Look through the records below, and copy out every line that holds the string "have".
━━━━━ Entries supplied ━━━━━
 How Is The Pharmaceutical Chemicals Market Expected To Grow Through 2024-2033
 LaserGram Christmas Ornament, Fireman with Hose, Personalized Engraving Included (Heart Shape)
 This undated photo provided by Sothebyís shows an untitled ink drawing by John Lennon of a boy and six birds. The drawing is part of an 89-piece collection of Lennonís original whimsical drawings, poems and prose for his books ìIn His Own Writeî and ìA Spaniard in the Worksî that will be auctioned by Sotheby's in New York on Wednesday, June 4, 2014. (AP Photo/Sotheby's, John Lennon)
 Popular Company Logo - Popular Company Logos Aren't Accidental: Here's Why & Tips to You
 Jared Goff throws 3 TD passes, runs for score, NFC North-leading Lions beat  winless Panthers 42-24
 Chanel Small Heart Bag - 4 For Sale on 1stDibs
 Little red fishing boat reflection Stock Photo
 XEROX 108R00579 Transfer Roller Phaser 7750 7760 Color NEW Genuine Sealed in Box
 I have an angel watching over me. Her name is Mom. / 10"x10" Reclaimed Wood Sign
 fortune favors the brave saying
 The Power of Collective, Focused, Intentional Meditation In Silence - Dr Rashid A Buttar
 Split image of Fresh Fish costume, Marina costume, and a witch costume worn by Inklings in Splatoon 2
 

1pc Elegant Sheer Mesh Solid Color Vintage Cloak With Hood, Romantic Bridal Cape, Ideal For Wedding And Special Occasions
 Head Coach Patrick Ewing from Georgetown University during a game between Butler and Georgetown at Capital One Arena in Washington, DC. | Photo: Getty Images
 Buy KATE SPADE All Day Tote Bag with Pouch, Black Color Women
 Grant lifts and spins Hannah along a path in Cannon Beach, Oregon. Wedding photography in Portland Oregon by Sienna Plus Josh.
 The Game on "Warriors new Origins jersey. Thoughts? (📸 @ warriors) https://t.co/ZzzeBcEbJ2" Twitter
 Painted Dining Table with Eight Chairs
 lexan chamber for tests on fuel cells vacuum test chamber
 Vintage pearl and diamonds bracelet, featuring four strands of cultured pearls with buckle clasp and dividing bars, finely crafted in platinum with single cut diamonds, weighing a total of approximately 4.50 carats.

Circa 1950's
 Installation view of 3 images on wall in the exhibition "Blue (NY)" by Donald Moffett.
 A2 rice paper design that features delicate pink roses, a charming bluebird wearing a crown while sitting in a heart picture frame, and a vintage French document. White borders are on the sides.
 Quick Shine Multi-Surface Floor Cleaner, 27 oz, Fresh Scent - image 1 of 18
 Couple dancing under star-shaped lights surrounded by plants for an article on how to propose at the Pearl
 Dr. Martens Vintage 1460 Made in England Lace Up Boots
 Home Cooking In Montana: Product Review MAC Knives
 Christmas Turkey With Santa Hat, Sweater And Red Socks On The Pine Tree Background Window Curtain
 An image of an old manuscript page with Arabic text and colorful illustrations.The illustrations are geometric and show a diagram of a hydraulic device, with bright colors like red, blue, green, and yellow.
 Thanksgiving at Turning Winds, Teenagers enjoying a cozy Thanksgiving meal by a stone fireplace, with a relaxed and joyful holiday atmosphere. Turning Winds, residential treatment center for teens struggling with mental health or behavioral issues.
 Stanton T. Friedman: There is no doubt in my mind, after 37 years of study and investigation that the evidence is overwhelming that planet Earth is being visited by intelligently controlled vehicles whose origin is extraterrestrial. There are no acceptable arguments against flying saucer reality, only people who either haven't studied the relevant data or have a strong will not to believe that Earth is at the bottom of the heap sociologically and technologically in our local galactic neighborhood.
━━━━━
§ **Task result**:
 I have an angel watching over me. Her name is Mom. / 10"x10" Reclaimed Wood Sign
 Stanton T. Friedman: There is no doubt in my mind, after 37 years of study and investigation that the evidence is overwhelming that planet Earth is being visited by intelligently controlled vehicles whose origin is extraterrestrial. There are no acceptable arguments against flying saucer reality, only people who either haven't studied the relevant data or have a strong will not to believe that Earth is at the bottom of the heap sociologically and technologically in our local galactic neighborhood.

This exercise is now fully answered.